Длинный и тощий корреспондент сгибался едва ли не пополам, целил объективом то снизу, с палубы, то сбоку.

– Еще разок, для истории!

История и впрямь дышала нам в спины. Было 16.47. Если бы мы знали…

Опять отрывистые крики ревунов, боевая тревога. Занимаем «свои» места. Кроме Ермишева и фотокора.

Крейсер опять набирает ход. Над кораблем вытянулся в струну, дрожит брейд-вымпел командира эскадры.

Вот мы на траверзе щита. «Пли!» И – как будто мы на бочке и по ней со всего маху ударили кувалдой – от киля до клотика содрогается гигантское тело крейсера «Бутаков»!

Чем-то черным залепило окна. И не команда – крик вахтенного офицера:

– ЧП в башне, все вниз!

Сознание отключено. Я действую по инерции. Распахиваю дверь мостика и скатываюсь по трапу на главную палубу. Останавливаюсь, жду. На меня валится Соболевский, ему в спину упирается Таня…

Первая попавшаяся дверь не заперта. Мы оказываемся в каюте старпома.

Уже играют аварийную тревогу. Ничего не понимаю. Что за ЧП? Почему в башне?

По коридору топот, что-то волокут. Выбегаю.

Матросы растянули шланг, тащат на палубу. Вот она, стреляющая башня. Носовая, номер два. На нее со всех сторон нацелены шланги. Тугие, шипящие струи со всей силы бьют по раскаленной, со вздувшимися пузырями краски броне. Мичман и еще кто-то повисли на кремальере[10]10
  Кремальера – колесо, часть поворотного устройства, закрывающего дверь.


[Закрыть]
, пытаются повернуть. Вода вдавливает их в железо, они только отфыркиваются и жмут, жмут. Тщетно, дверь заклинило.

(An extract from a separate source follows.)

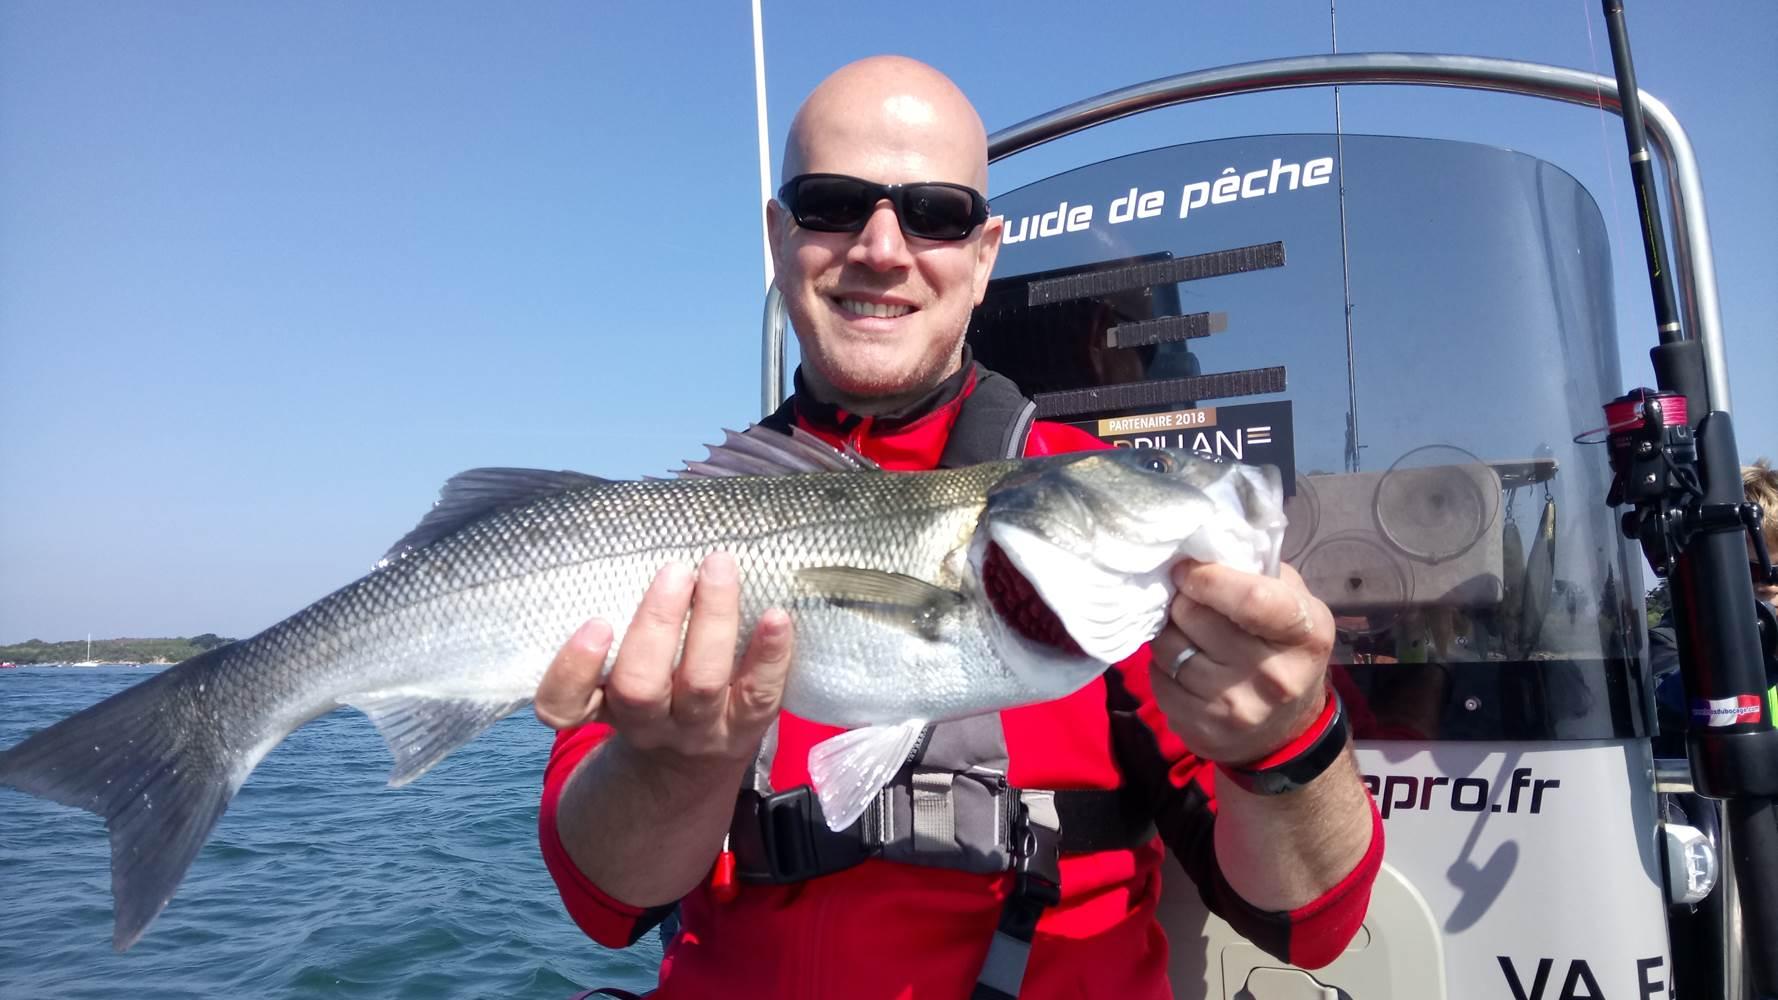 Guide de peche Morbihan - Sortie peche en mer Sarzeau - Stage de peche en mer- Sortie pêche au bar - Guide de pêche Golfe du Morbihan ©

Притащили сварочный агрегат, сейчас начнут резать. Бегут санитары. «Носилки, носилки готовьте!»

Меня толкают в спину. Оборачиваюсь. Старший лейтенант, за ним моряк с огнетушителем. Выкаченные глаза, полуоткрытый рот готов сорваться в крике.

– Товарищ капитан первого ранга! Вы бы ушли отсюда!

Кому это он? Ах, мне. Я даже забыл, что надел форму.

Надо идти. Я уже знаю главное: в башне произошел взрыв. Черное, что залепило окна ходового мостика, – краска, сорванная ветром.

Опять бегут. Воду отключили, шланги съеживаются и виснут на руках. Сейчас начнут резать дверь, сейчас начнут…

Возвращаюсь в каюту. Съежилась в своем углу Таня, застыл за письменным столом Фарух, дымит смятой «Беломориной» Коля Петров.

Левин ходит. Дойдет до переборки – и как заведенный обратно. На белом, без кровинки лице черные впадины морщин.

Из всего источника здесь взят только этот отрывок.